Papież który miał być liberałem Dokument brzmiał: „Orzekamy, że Biskup Rzymski, kiedy przemawia z katedry, to znaczy, gdy sprawuje urząd Pasterza i nauczyciela wszystkich chrześcijan i na mocy swojej najwyższej apostolskiej powagi ogłasza naukę, odnoszącą się do wiary lub obyczajów, której ma trzymać się cały Kościół; że wtenczas posiada on dzięki opiece Boskiej tę nieomylność, przyrzeczoną mu w osobie św. Piotra, którą Boski Zbawiciel chciał wyposażyć swój Kościół w rzeczach wiary i obyczajów i dlatego takie orzeczenia Biskupa Rzymskiego nie mogą ulegać żadnym poprawkom z istoty swojej, nie zaś dopiero po przyjęciu ich przez Kościół. Gdyby zaś kto, uchowaj Boże, ośmielił się sprzeciwić temu orzeczeniu naszemu; niech będzie wyklęty”.

Gdy kardynał Antonelli, ambasador Watykanu i najbardziej zaufany doradca Piusa IX odczytywał tekst dogmatu, siedmiuset kardynałów i biskupów zebranych na obradach Soboru Watykańskiego Pierwszego uświadomiło sobie wreszcie, że nie spotkali się wcale po to, by uchwalić nową konstytucję Kościoła katolickiego. Nic dziwnego, że poczuli się oszukani.

Liberalny zwolennik terroru


Kiedy w 1846 roku konklawe ogłosiło kardynała Giovanniego Marię Mastai-Ferrettiego papieżem Piusem IX (1846-1878), wydawało się, że Kościół katolicki wreszcie doczekał się liberalnego pasterza. Kardynał Giovanni uchodził bowiem za człowieka otwartego i dalekiego od jakichkolwiek zapędów autokratycznych. Uznawano go również za zwolennika liberalnych reform. Obdarzony był niezwykłym urokiem i błyskotliwą inteligencją, wydawał się idealnym kandydatem na papieża w czasach nowych idei, reform społecznych, naukowych rewolucji i ruchów niepodległościowych.

reklama

Konserwatyści widzieli w nim ostoję religii i narodowych tradycji, a liberałowie człowieka, który wniesie za mury Watykanu powiew demokracji, zreformuje instytucję Kościoła. Liczono również, że jeśli nie oficjalnie, to przynajmniej po cichu będzie popierał ideę zjednoczenia Włoch i wyrwania ich spod wpływów Francji i Austrii. Mówiło się, że w domu kardynała nawet kot jest liberałem. Nic też dziwnego, że wybór kardynała na papieża spotkał się z ogromnym entuzjazmem wiernych. Początkowo wszystko wskazywało na to, że wybór był trafny. Pius IX zaczął swoje urzędowanie od powszechnej amnestii i dialogu z przedstawicielami innych religii.

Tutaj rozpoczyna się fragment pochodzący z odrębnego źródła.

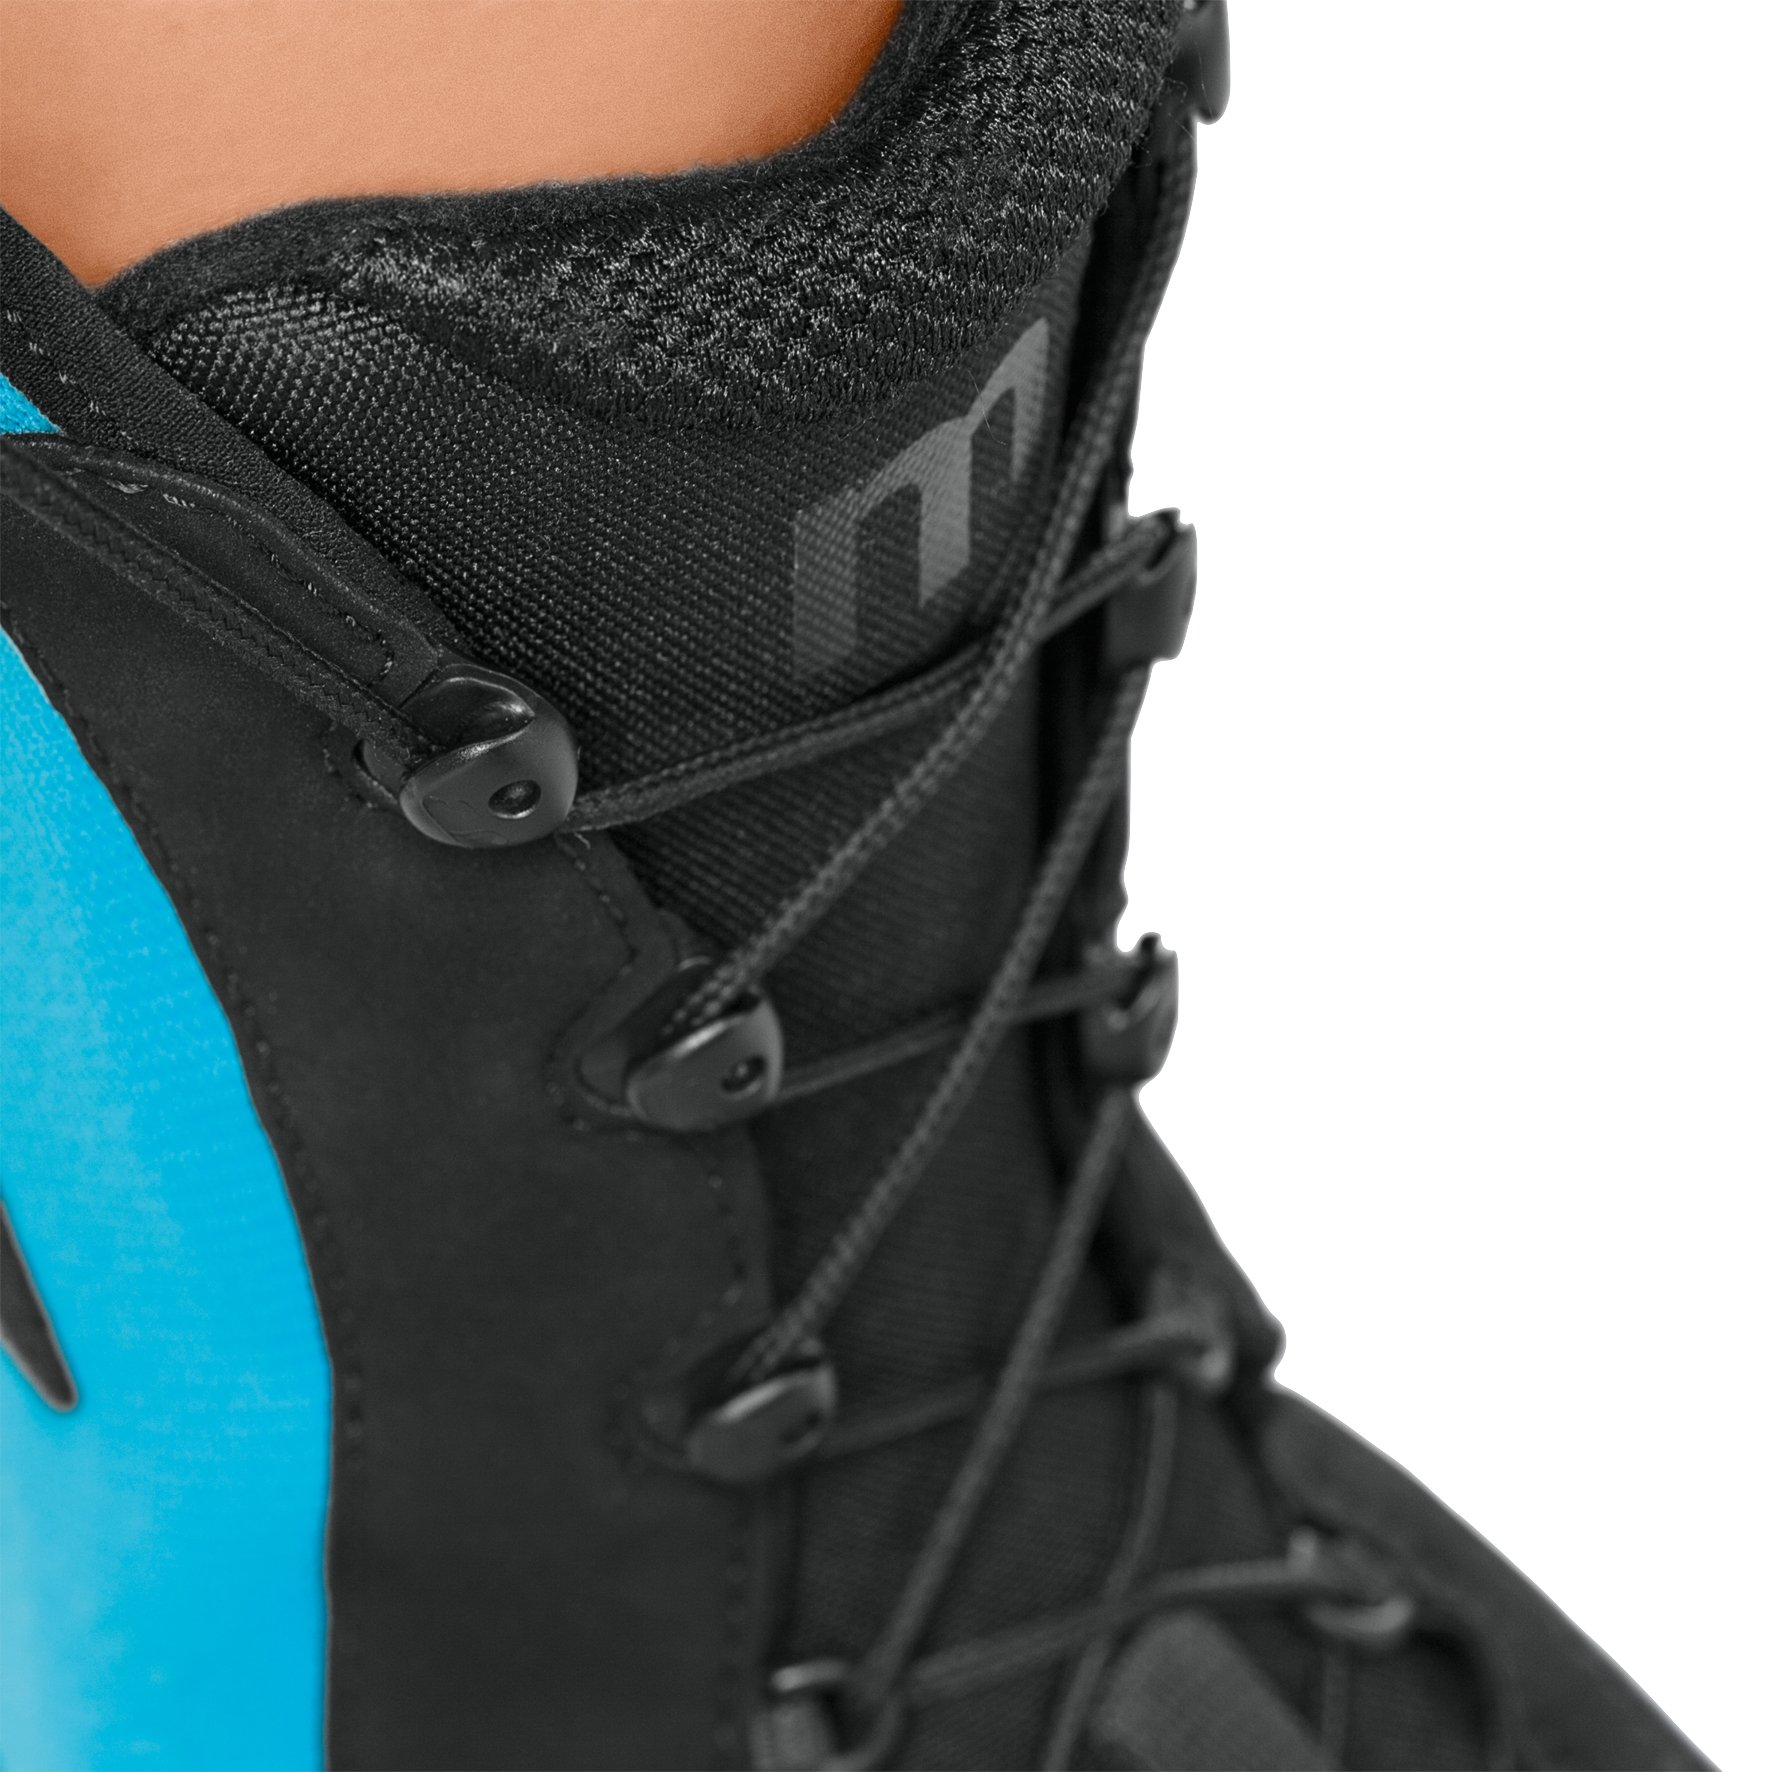 Medi Levamed Stabili-Tri Knit Ankle Support (Blue) Left Size I by Medi (Image #5)

Niestety, gdy tylko umocnił swoje wpływy w Watykanie, przestał być liberałem. Kiedy rewolucjoniści włoscy pokonali armię austriacką i 9 lutego 1849 roku zajęli Rzym, ogłaszając Włochy samodzielną republiką, miast poprzeć narodowe aspiracje Włochów, wezwał na pomoc Francuzów. Francuski korpus ekspedycyjny szybko poradził sobie z „buntownikami” i przejął kontrolę nad Rzymem. 12 września papież unieważnił konstytucję republiki włoskiej, a tych, którzy ją ustanowili, obłożył klątwą. W ciągu kilku następnych lat zrozpaczeni zwolennicy niezależności Włoch podjęli kilkanaście prób zamachu na papieża i jego „złego ducha” kardynała Antonellego. Każda taka próba kończyła się wieloma wyrokami śmierci, zsyłkami na galery i coraz większym terrorem policyjnym.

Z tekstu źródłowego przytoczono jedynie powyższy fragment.